In this book, the writer tells us that, following the fall of First World War ideologies, the United States stridently became more conservative, as most of the Americans tended to hate anything coming from foreigners. Dissents and those from foreign countries were sought for in the red scare whereas the resurgent K K K showed that the majority never wanted transformations. According to the writer, this led to more restrictions on those who wanted to come to America as well as foreigners who were already in the United States. This in essence led to cultural conflicts between Native Americans and the immigrants.

The writer points out that the resultant mass-consumption economy became the driving force of the prosperity of the post-war period. The industries especially automobiles changed the economy profoundly and also changed Americans’ lives. He also points out that radio and television seriously transformed the American’s popular culture as well as their attitudes.

The writer also examines the Scopes trial of 1925. He argues that this event mirrored the various cultural conflicts following the period after the First World War. He maintains that the trial of the century led to the survival of the American culture. The writer tells us that fundamentalism as well modernism brought a hot debate among Americans during this period and this significantly changed how Americans lived with immigrants.

Biases detected

The book is balanced coverage of America in prosperity. This is because it provides a lot of data on the development of the United States during this period. The biases I have detected are some parts about politics (political stories on President Harding) which found not relevant to me. However, To me, the book provides a balanced examination of what led to these transformations in America, and I do not see any gap in its coverage.

My opinion

This book is very important for all those who are interested in understanding the United States’ prosperity. The book tells more of what led Americans to advance economically in the 1920s. “The Perils of Prosperity “can be regarded as a very critical examination of America between 1914 and 1932. Its main emphasis is on how the economic excesses of this period led to challenges which brought about the great economic downturn. Nevertheless, this piece of work examines the advancements in American society and culture. In a nutshell, the book illustrates how prosperity comes with many challenges.

According to my this is a compressive analysis highly debated period in American history. The book gives special attention to the roles of women and marginalized in the great transformations of the period.

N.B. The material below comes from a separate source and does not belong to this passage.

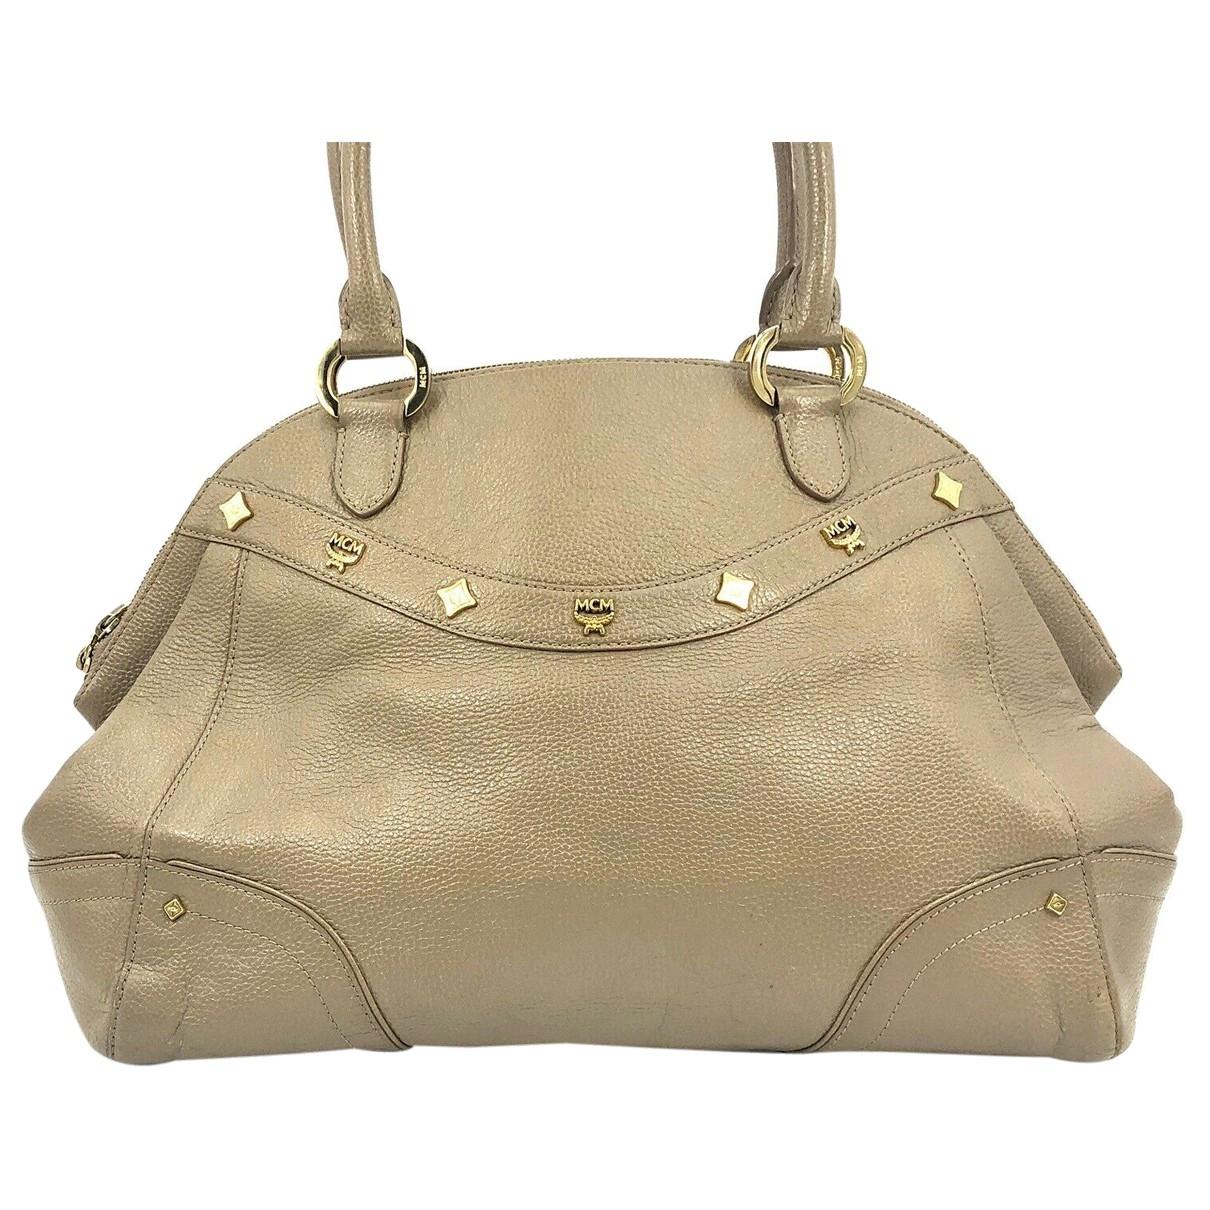 Mcm \N Handtasche in  Beige Leder
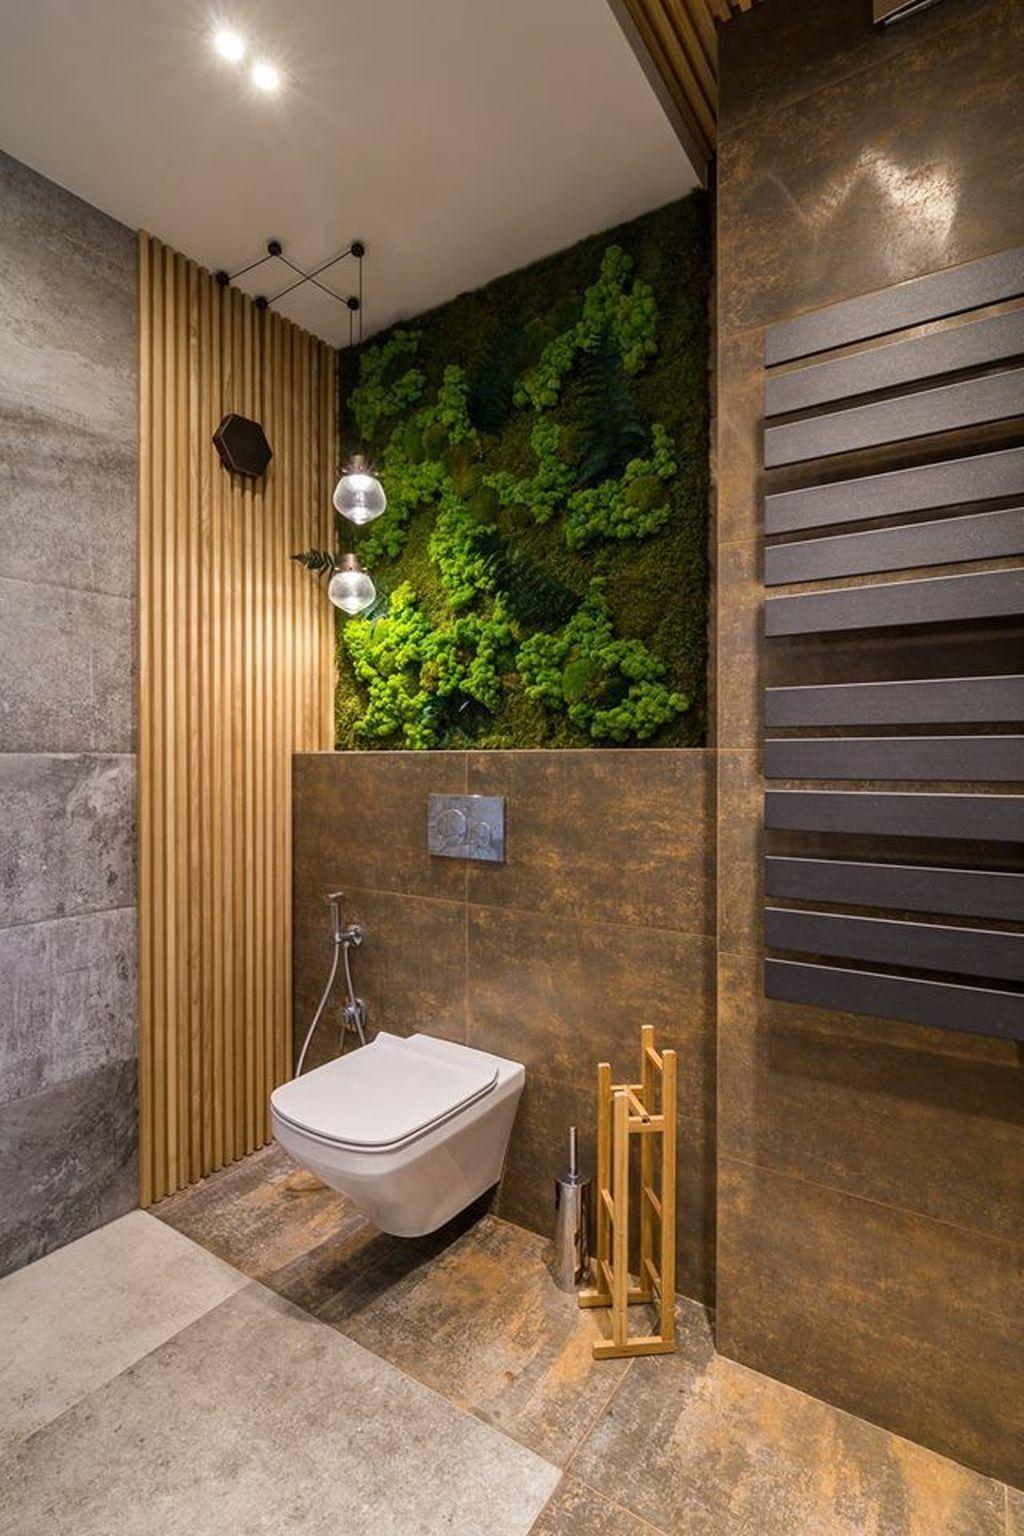 20 Inspiring Bathroom Decoration Ideas With Wooden Storage Minimalist Bathroom Design Bathroom Wall Panels Stylish Bathroom

In this work, the writer provides his audience with a rare chance to enjoy the well-thought analysis of an American scholar who has come back to the story and seen how recent decades have increased meaning and vibrancy to this era of our history.

I think that the author has achieved his purpose. This is because after going through the book we get to understand the political and economic issues that led the US to change from an isolated state to a liberal democratic state. Reading through the book you also get to understand the social and cultural issues that influenced this transformation.


Leuchtenburg, William. Perils of prosperity 1914-32. Chicago,University of Chicago Press,1958.